For correct operation the face should be positioned at a distance of 0.5 to 4.5 meters from the sensor.
This liveness test does not require any actions because it performs depth map face region of interest analysis using neural networks.
Track Engine is a tool for face detection and tracking on multiple sources. It allows the user to pick the face images most suitable for facial recognition from a sequence of video frames.
Track Engine itself does not perform any facial recognition. Its purpose is to prepare required face data for LUNA SDK Descriptor Facility methods and LUNA PLATFORM.
The main interface for the Track Engine is Stream - an entity to which you submit video frames.
You can create multiple streams at once if required (in cases when you would like to track faces on multiple cameras). In each stream the engine detects faces and builds their tracks. Each face track has its own unique identifier. It is therefore possible to group face images belonging to the same person with their track IDs. Tracks may break from time to time either due to people leaving the surveillance area or due to challenging detection conditions (poor image quality, occlusions, extreme head poses, etc.).
The frames are submitted on a one by one basis and each frame has its own unique ID.
Track Engine emits various events to inform you about what is happening. The events occur on a per-stream basis.
By implementing one or several observer interfaces it is possible to define custom processing logic in your application.

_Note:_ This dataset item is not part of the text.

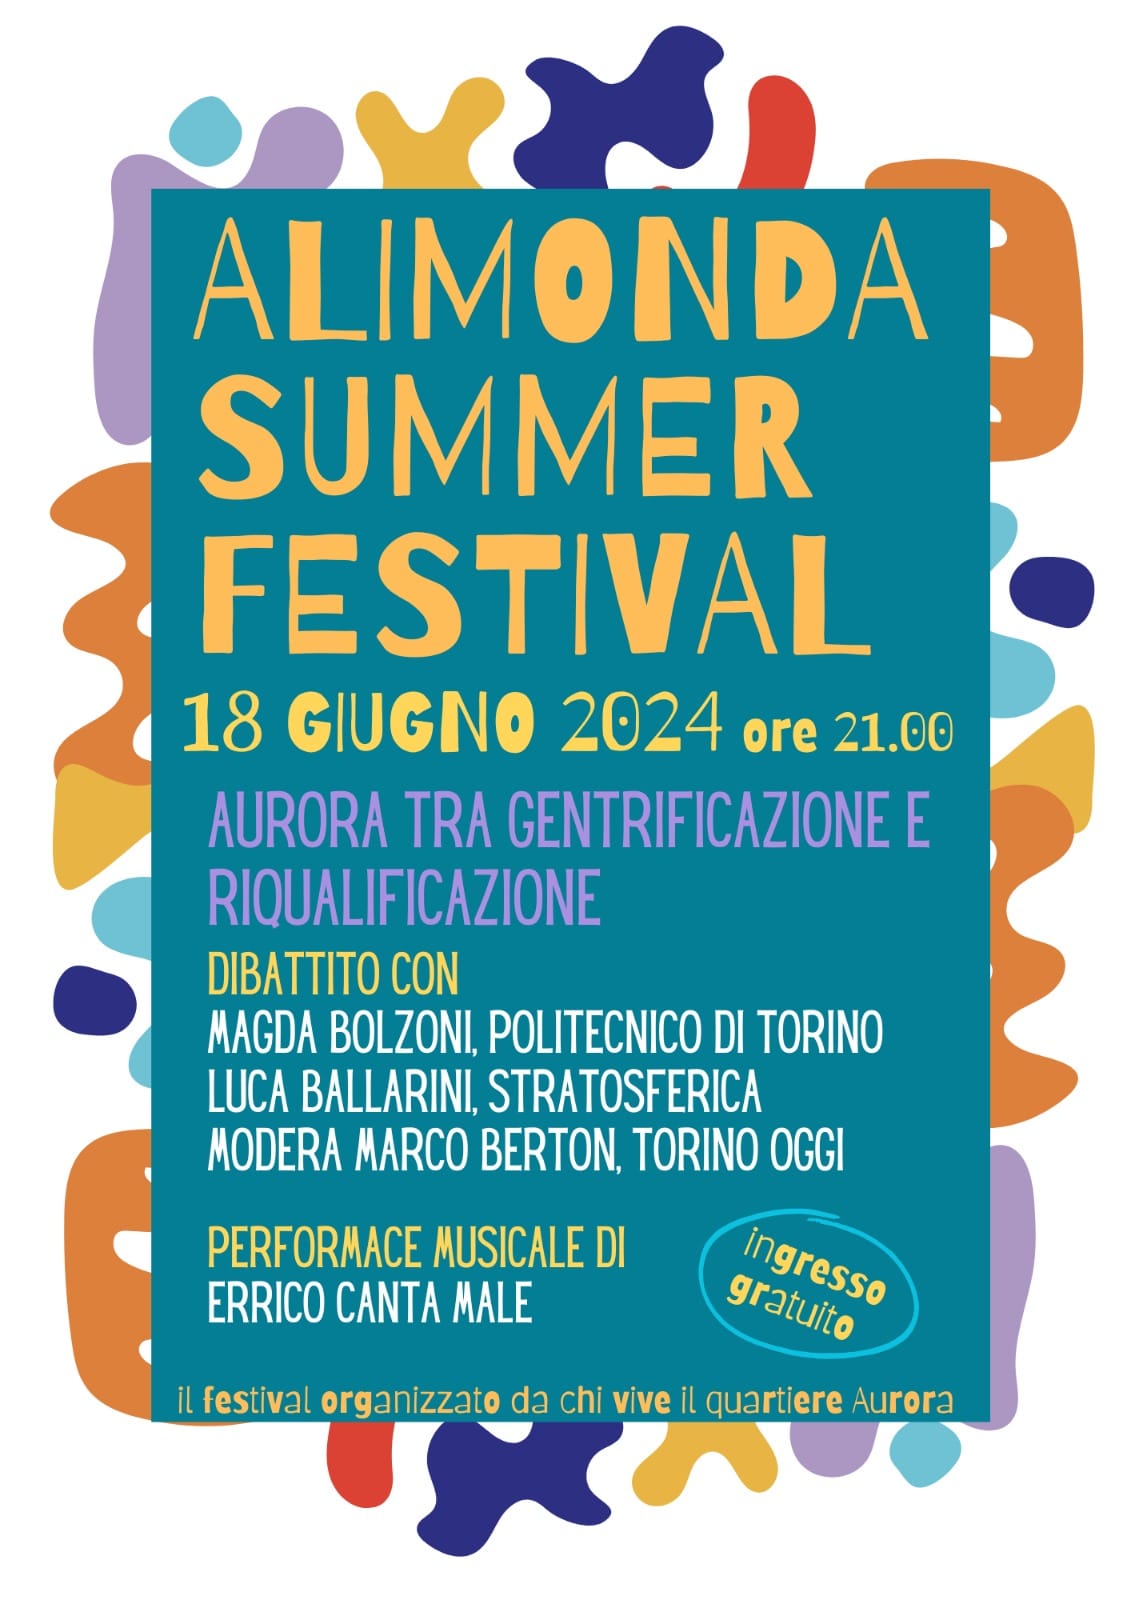 Alimonda summer festival Aurora tra gentrificazione e riqualificazione

The Track Engine allows users to define custom recognition suitability criteria for face detections. That way one may alter the best shot selection logic and, therefore, specify which images will make it to the recognition phase.
Track Engine is multi-threaded. The number of threads is configurable and depends on the currently bound LUNA SDK settings.
LUNA SDK comes in multiple editions on all major platforms. Customers are free to pick the version that best suits their needs. In addition, a fine-grained licensing of individual features is possible upon request.